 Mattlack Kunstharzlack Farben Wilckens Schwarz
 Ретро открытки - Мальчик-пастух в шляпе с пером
==
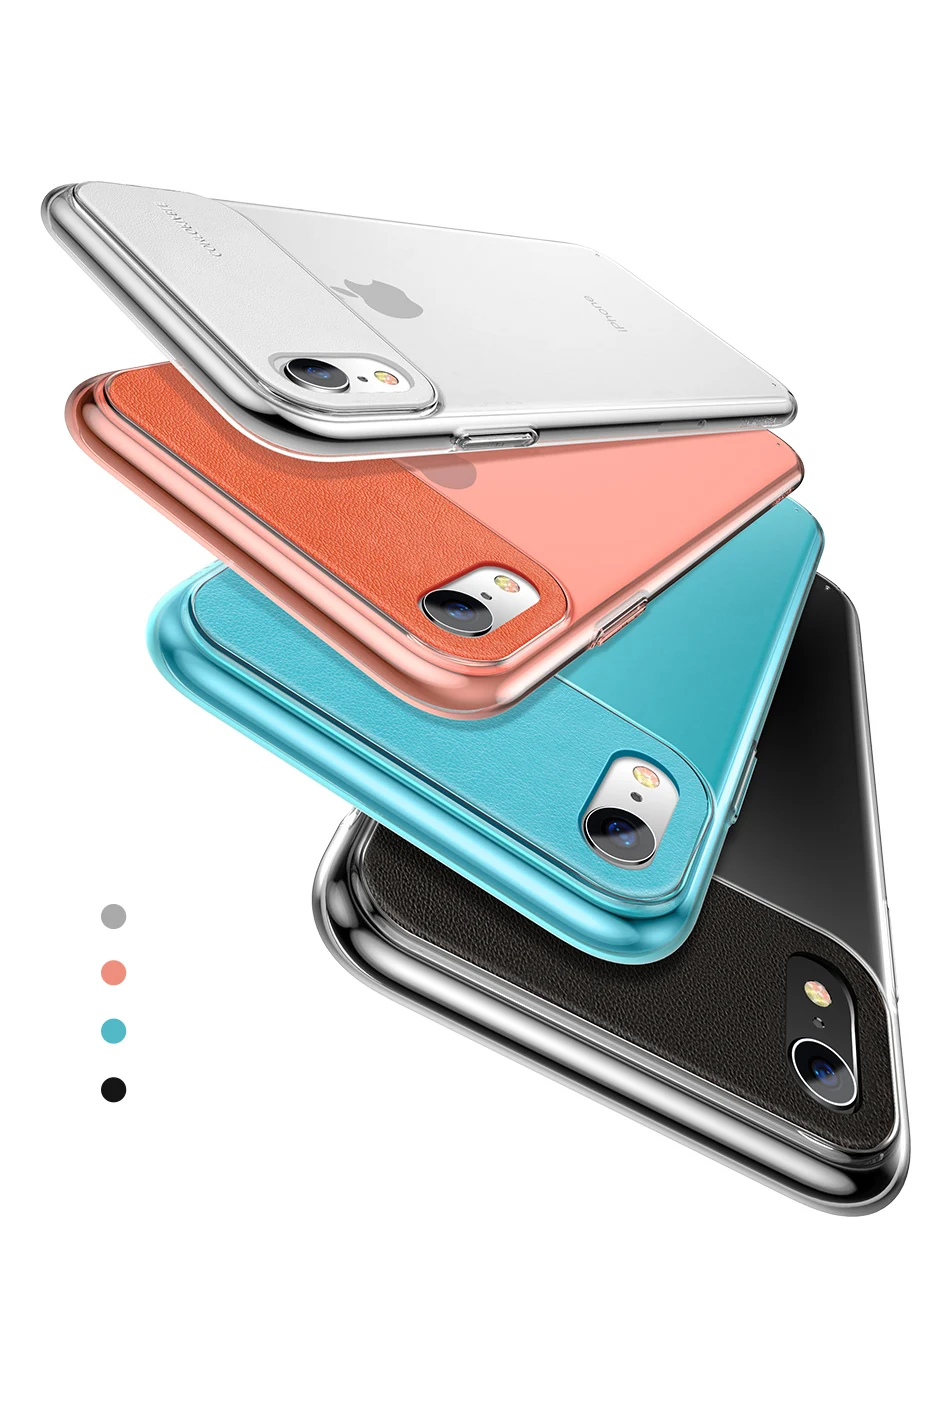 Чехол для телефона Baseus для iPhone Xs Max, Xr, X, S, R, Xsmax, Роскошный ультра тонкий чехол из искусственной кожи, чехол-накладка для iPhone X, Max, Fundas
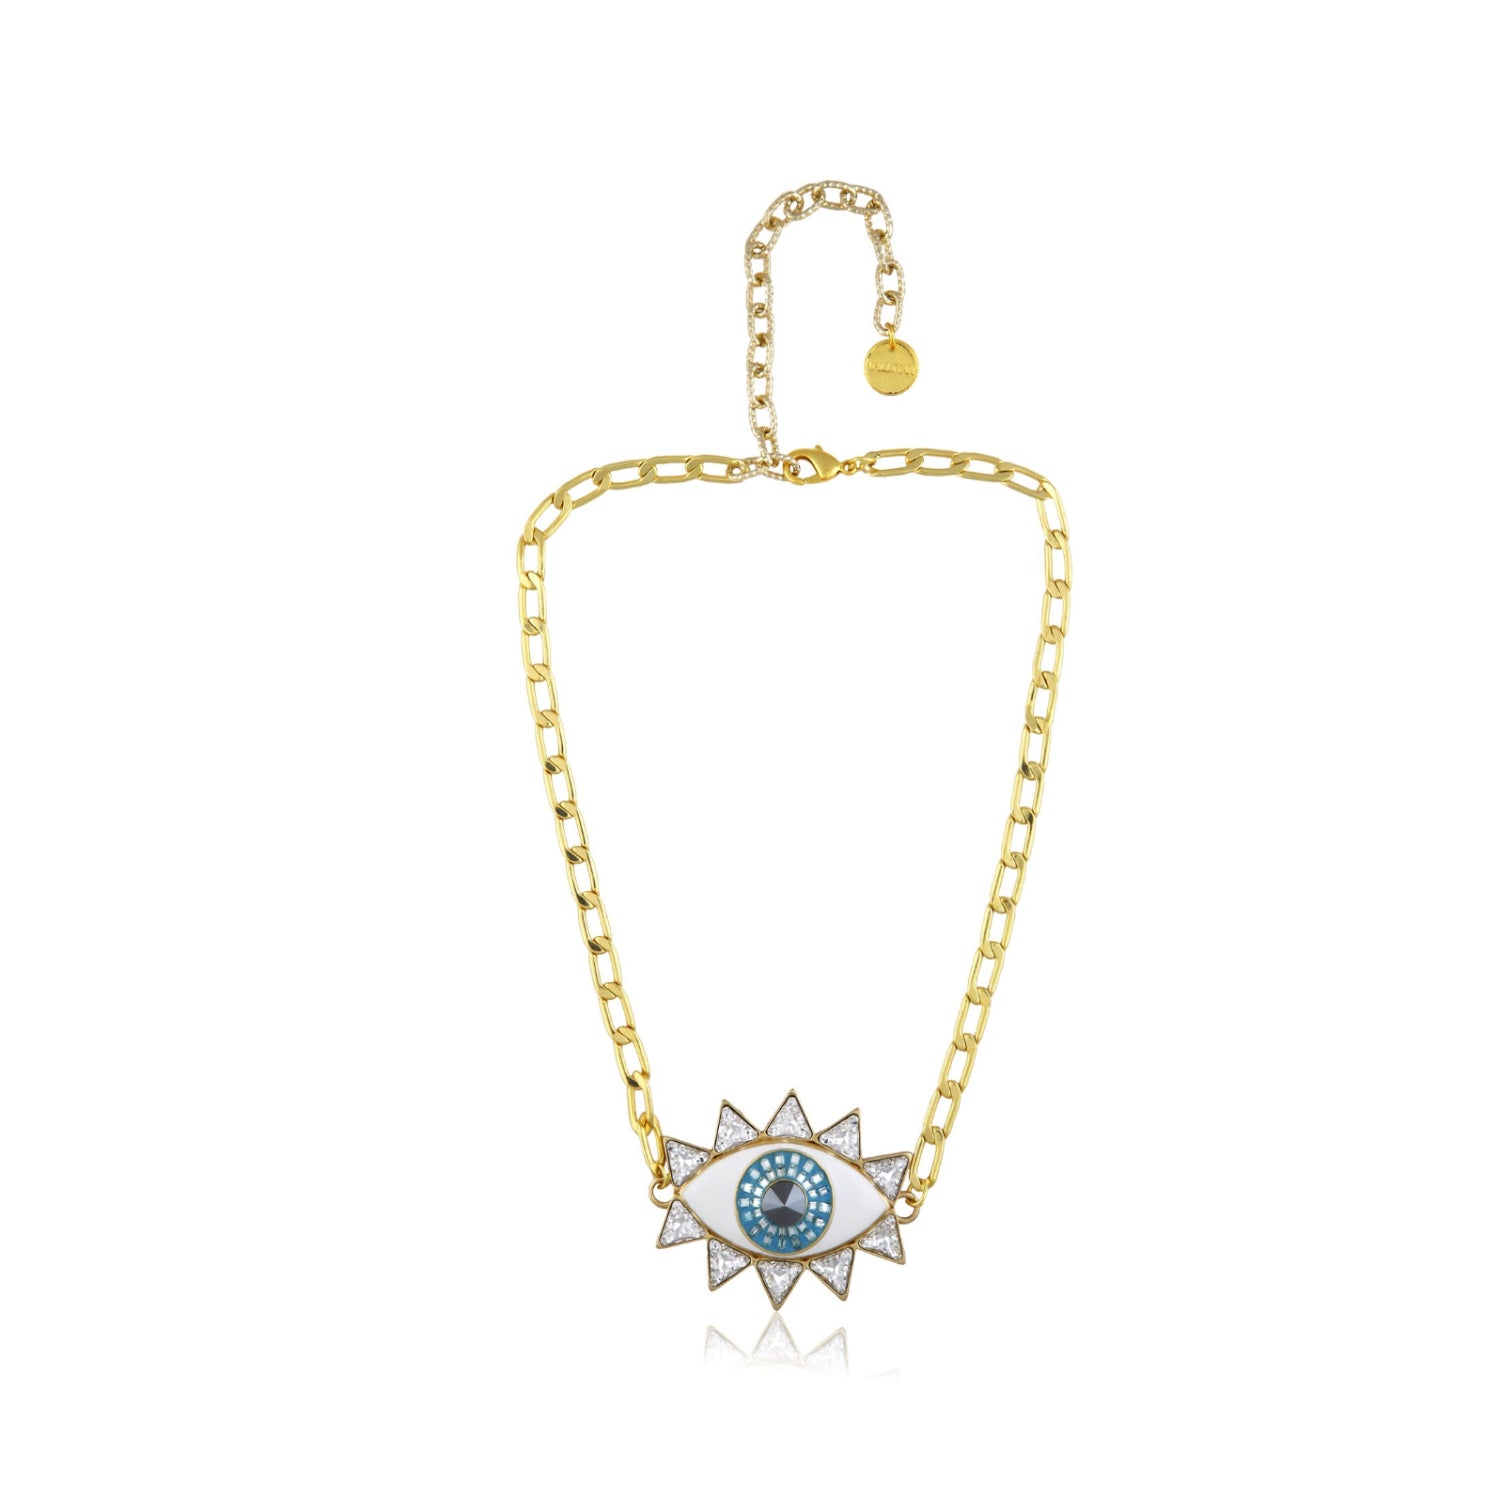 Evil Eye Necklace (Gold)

TRY IT ->
Could you return exactly the lines above from the line with "Mattlack Kunstharzlack Farben" to the line with "Ретро открытки - Мальчик-пастух", both included, and nothing else?

RESPONSE ->
 Mattlack Kunstharzlack Farben Wilckens Schwarz
 Ретро открытки - Мальчик-пастух в шляпе с пером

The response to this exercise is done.